Литмир - Электронная Библиотека
A
A

— Определенно есть способности, — повторила Лоис. — И такой супер-реализм сейчас очень в моде. Хотя русские всегда были в этом сильны... Я это возьму.

И она, ловко свернув холст в трубочку вместе с листом бумаги, сунула его в свою объемистую сумку.

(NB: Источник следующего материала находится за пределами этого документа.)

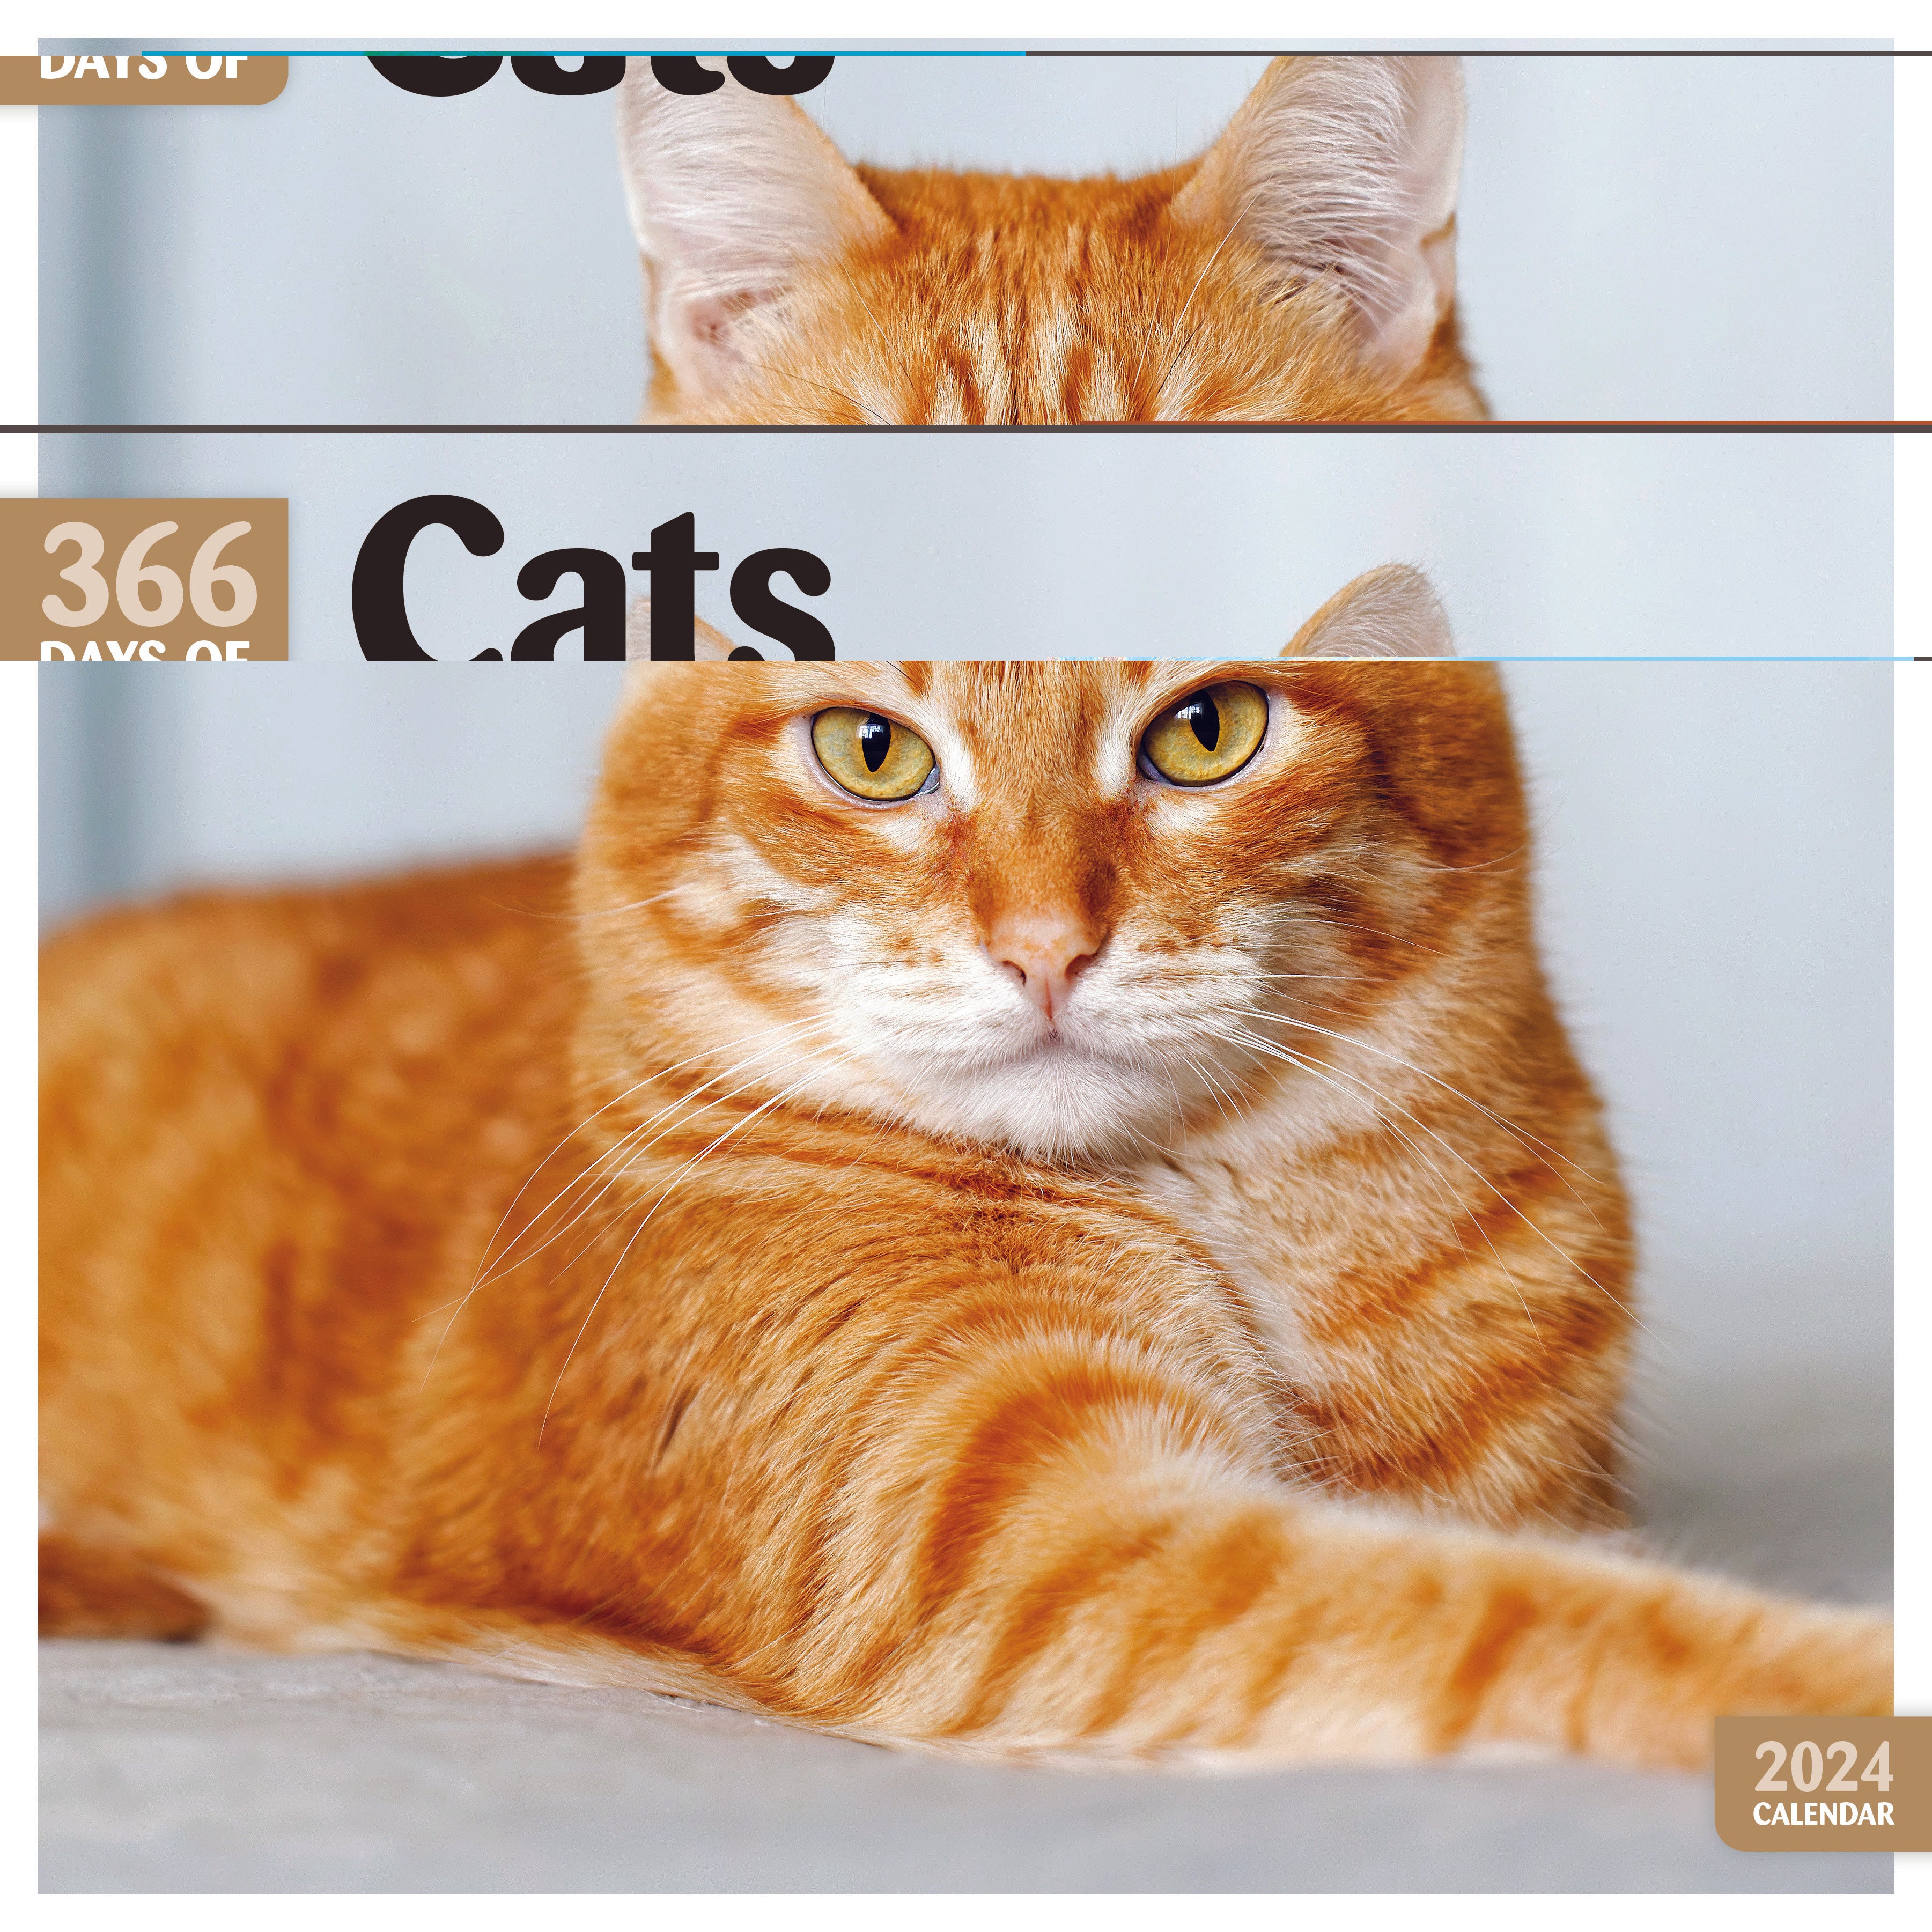 Cats Square Calendar 2024 – Redwings Horse Sanctuary

— У красавицы Лоис прекрасный вкус, — прошептал Элиаз и слегка обхватил ее обеими руками под грудь, одновременно стараясь губами добраться сквозь лакированные волосы до ее шеи. — Но за произведение искусства надо платить.

— Я готова платить, — сказала Лоис, вздрагивая всем телом и пытаясь повернуться к нему лицом.

Элиазу не хотелось, чтобы она поворачивалась к нему лицом. Собственно, лучше всего было бы тут же получить деньги и поскорее выпроводить американку. Но — оставалась надежда на вторую, “свою, настоящую”, картину. Да и вроде как поманил женщину... надо. Лоис не слишком привлекала его, но и не казалась особо трудным объектом. Однако отчего-то, может быть, от съеденных со скуки в избытке фаршированных виноградных листьев, у него тошнотно ворохнулось в желудке, и это нехорошим предчувствием мгновенно передалось вниз. О дьявол, неужели не сработает, досадливо ругнулся про себя Элиаз.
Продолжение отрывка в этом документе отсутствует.